Closed tarushbansal closed 8 months ago

tarushbansal commented 10 months ago

I couldn't find any mention of Quantisation Aware Training in the Keras 3 API documentation. Is it possible to convert the current Keras 3.0 models into quantisation-aware models with quantisation nodes added for TFLite conversion after training? If not, are there any plans to include this support in the future?

SuryanarayanaY commented 10 months ago

Hi @tarushbansal ,

Have you seen this mobilevit tutorial that converts keras3 model into TFlite ? Is it what you are looking for ?

github-actions[bot] commented 10 months ago

This issue is stale because it has been open for 14 days with no activity. It will be closed if no further activity occurs. Thank you.

tarushbansal commented 9 months ago

Hi @SuryanarayanaY, The mobilevit tutorial focuses on post-training quantisation instead.

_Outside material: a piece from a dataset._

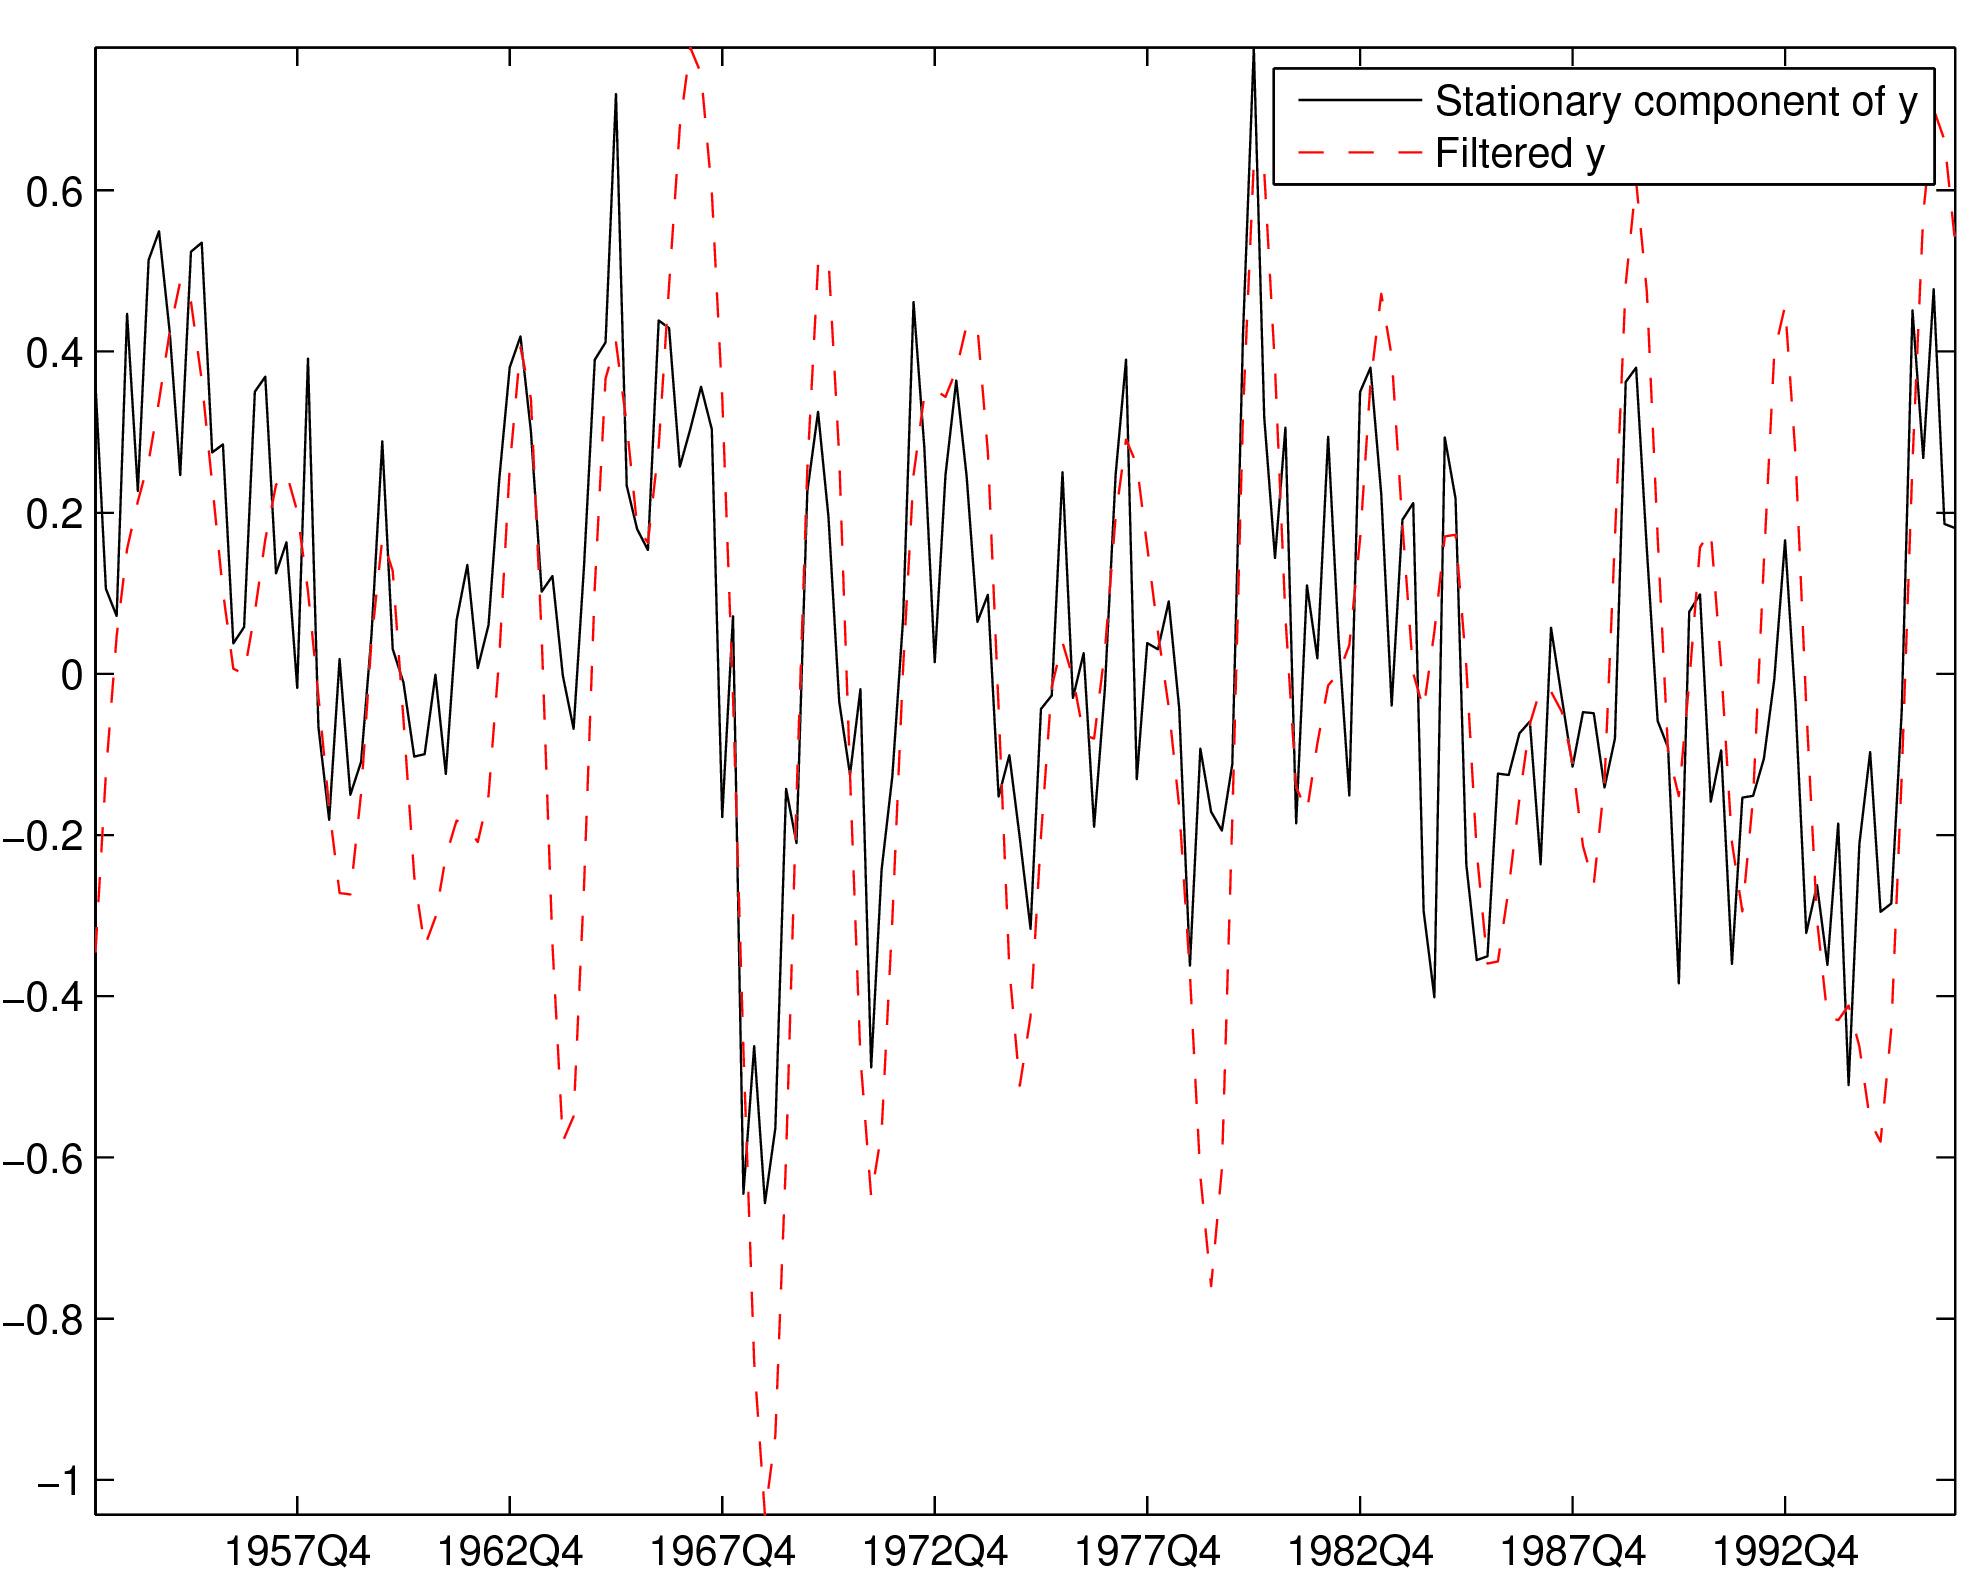 doc/dynare.plots/BaxterKingFilter.jpg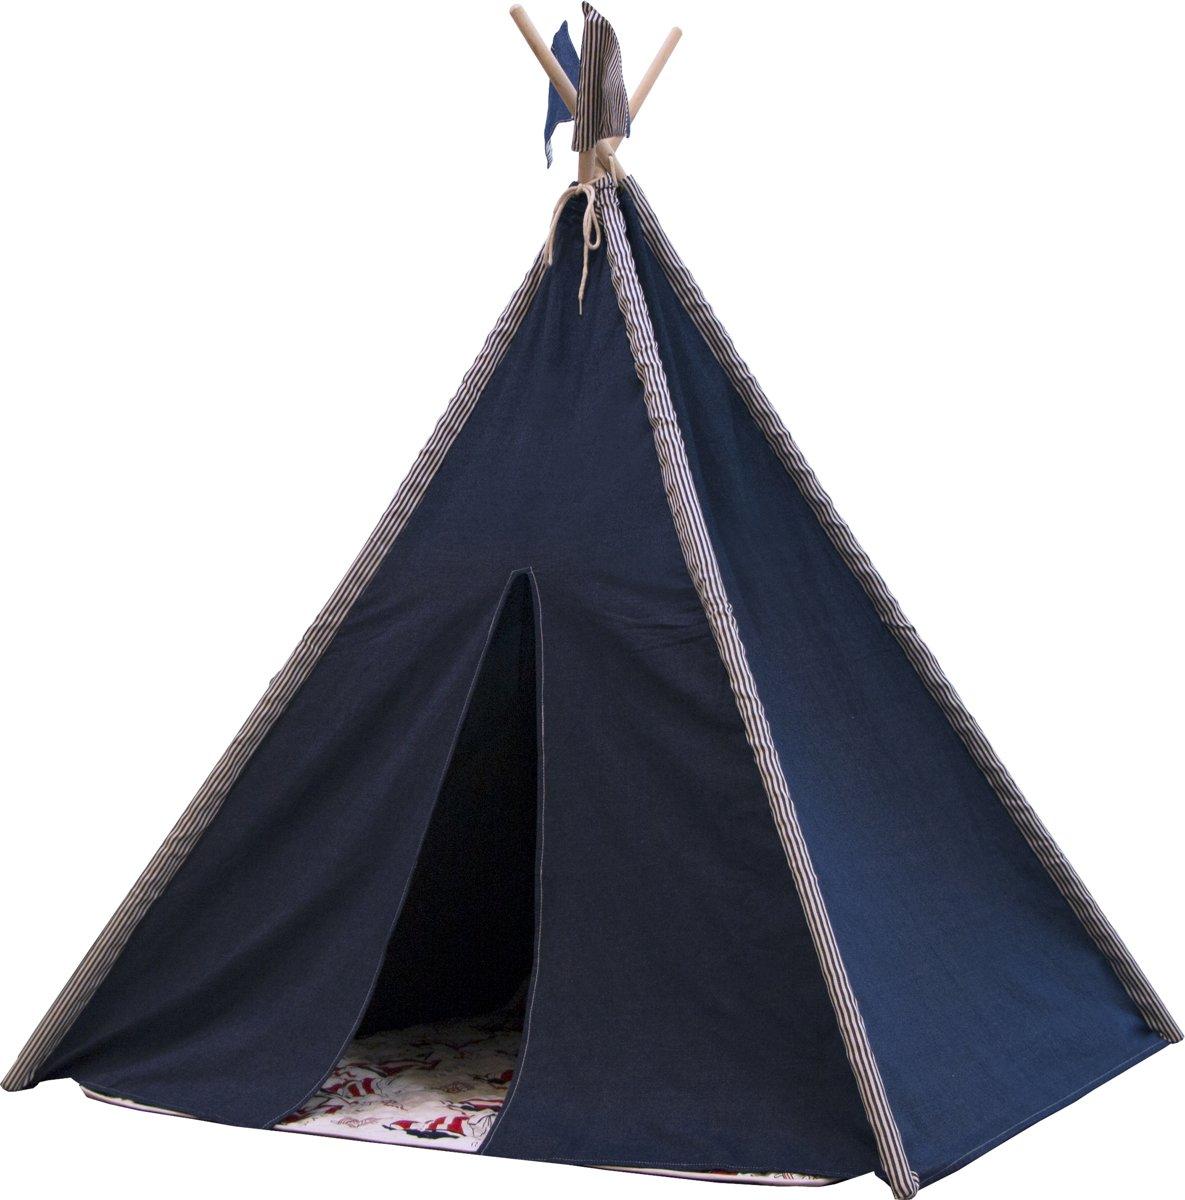 Nautic Teepee Tent met Kleed & 2 Vlaggetjes - Tipi Tent - Blauw - FSC houten palen

I am looking for a way to train the model in a quantisation aware setting just like previously supported by the TF Optimisation toolkit as in this example here.

SuryanarayanaY commented 8 months ago

Hi @tarushbansal ,

I am looking for a way to train the model in a quantisation aware setting just like previously supported by the TF Optimisation toolkit as in this example here.

The tutorial not working with Keras3. It seems Keras3 not yet supporting this feature. Escalating to Dev team for confirmation.

fchollet commented 8 months ago

This is not yet supported. However, Keras 3 will be adding its own QAT API in the near future.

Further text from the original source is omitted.